“Hear, O Israel: The Lord our God, the Lord is one. Love the Lord your God with all your heart and with all your soul and with all your strength. These commandments that I give you today are to be on your hearts. Impress them on your children. Talk about them when you sit at home and when you walk along the road, when you lie down and when you get up. Tie them as symbols on your hands and bind them on your foreheads. Write them on the doorframes of your houses and on your gates.” - Deuteronomy 6:4–9 (NIV)
Discipleship is not just a New Testament concept—it has been central to God’s plan from the very beginning. Long before Jesus called His first disciples to “follow Me,” the call to live a life wholly devoted to God was already being formed and passed down. One of the clearest and most foundational expressions of this is found in Deuteronomy 6:4–9, a passage known as the Shema.
In this ancient text, we see the essence of discipleship laid out for the people of God—not just in what they believe, but in how they live, what they love, and what they practice. It calls God’s people to love Him with all their heart, soul, and strength—and then shows how that love must be carried into daily life, relationships, and rhythms.
What’s striking is how deeply this passage resonates with the Practicing the Way framework for discipleship today. The Shema doesn’t just teach that we should love God—it shows how that love is formed and embodied through the mind, heart, and body: Renew Your Mind, Transform Your Heart, Train Your Body
What follows is a reflection on how this ancient blueprint still shapes the way of Jesus today—and how the formation God called for in Deuteronomy is the same formation Jesus invites us into now.
The forehead represents the seat of the mind—our thoughts, worldview, and understanding. God’s command is clear: keep truth constantly before your mind’s eye. This is the foundation of mental renewal (Romans 12:2). The Shema tells Israel to “hear”—to pay attention, to internalize, to reflect. This is intellectual discipleship: a life where God’s Word reshapes how we think.
In Practicing the Way, to renew your mind is to intentionally expose your thinking to God’s truth until it begins to rewire your internal narratives. Scripture, meditation, and reflection help shift us from lies and fear to truth and freedom.
Discipleship starts by filling your thoughts with what’s true about God and who you are in Him.
The heart in Hebrew thought is not just emotional—it’s the center of desire, will, and motive. God isn’t calling for dry obedience, but a transformed inner life that flows with love for Him. This is why the commandments are to be on the heart—embedded in our affections and identity.
In Practicing the Way, transforming the heart involves spiritual formation that reaches deeper than behavior. Through silence, solitude, worship, confession, and community, the Spirit works in the deepest places—healing wounds, reshaping desires, and aligning the will with God’s.

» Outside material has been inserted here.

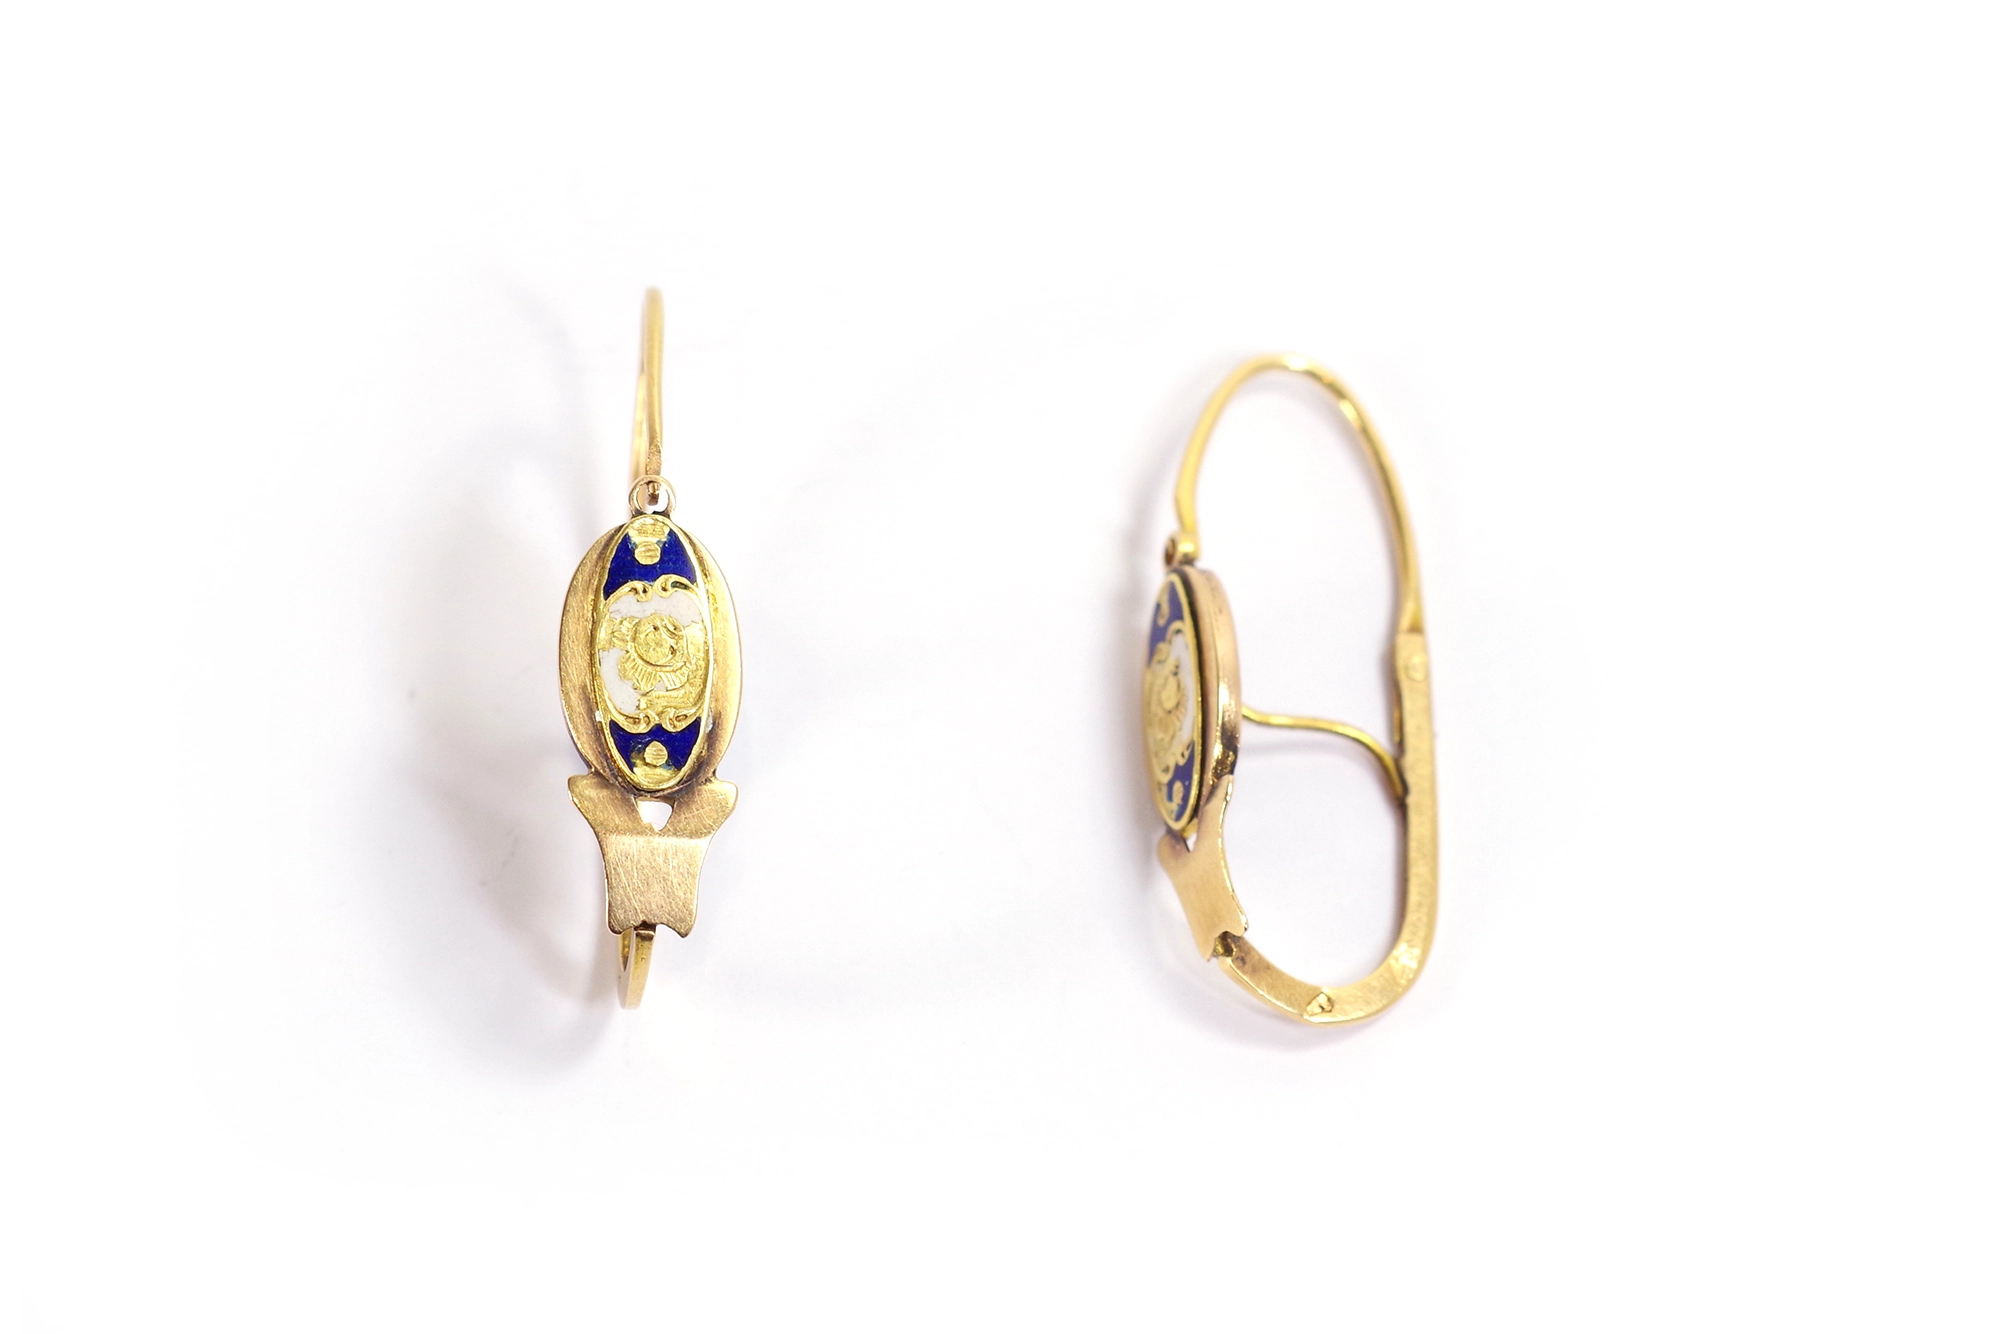 Antique french enamel poissardes earrings

You are not just formed by what you know—but by what you love. The heart must be shaped, not just informed.
Discipleship in Deuteronomy is not abstract—it’s embedded in daily rhythms and physical habits. Talking, walking, lying down, rising up—God’s way is to train His people through bodily repetition in everyday life. This is where love for God gets practical.
In Practicing the Way, to train the body means forming spiritual habits that shape your body and environment toward devotion: keeping Sabbath, fasting, rising for morning prayer, memorizing Scripture, using your hands to serve. It’s a holistic practice where your actual life and calendar bear witness to your apprenticeship.
Formation happens through repetition. Your body must be trained to live in alignment with your love for God.
Deuteronomy 6:4–9 is not just a theological declaration—it’s a formation blueprint. It calls for whole-person discipleship: loving God with all your heart (inner transformation), all your soul (devoted identity), and all your strength (embodied practice).
And that’s the very structure Practicing the Way affirms:
Deuteronomy 6 Theme > Practicing the Way Practice > What It Forms
"Bind it on your forehead" > Renew Your Mind > Thought patterns, perspective, worldview
"On your hearts, love with your heart" > Transform Your Heart > Desires, motives, character
"Talk, walk, lie down, rise up" > Train Your Body > Habits, rhythms, muscle memory of love
True apprenticeship to Jesus touches every part of us—mind, heart, and body—so that we love God not only in belief, but in the way we live, move, and breathe.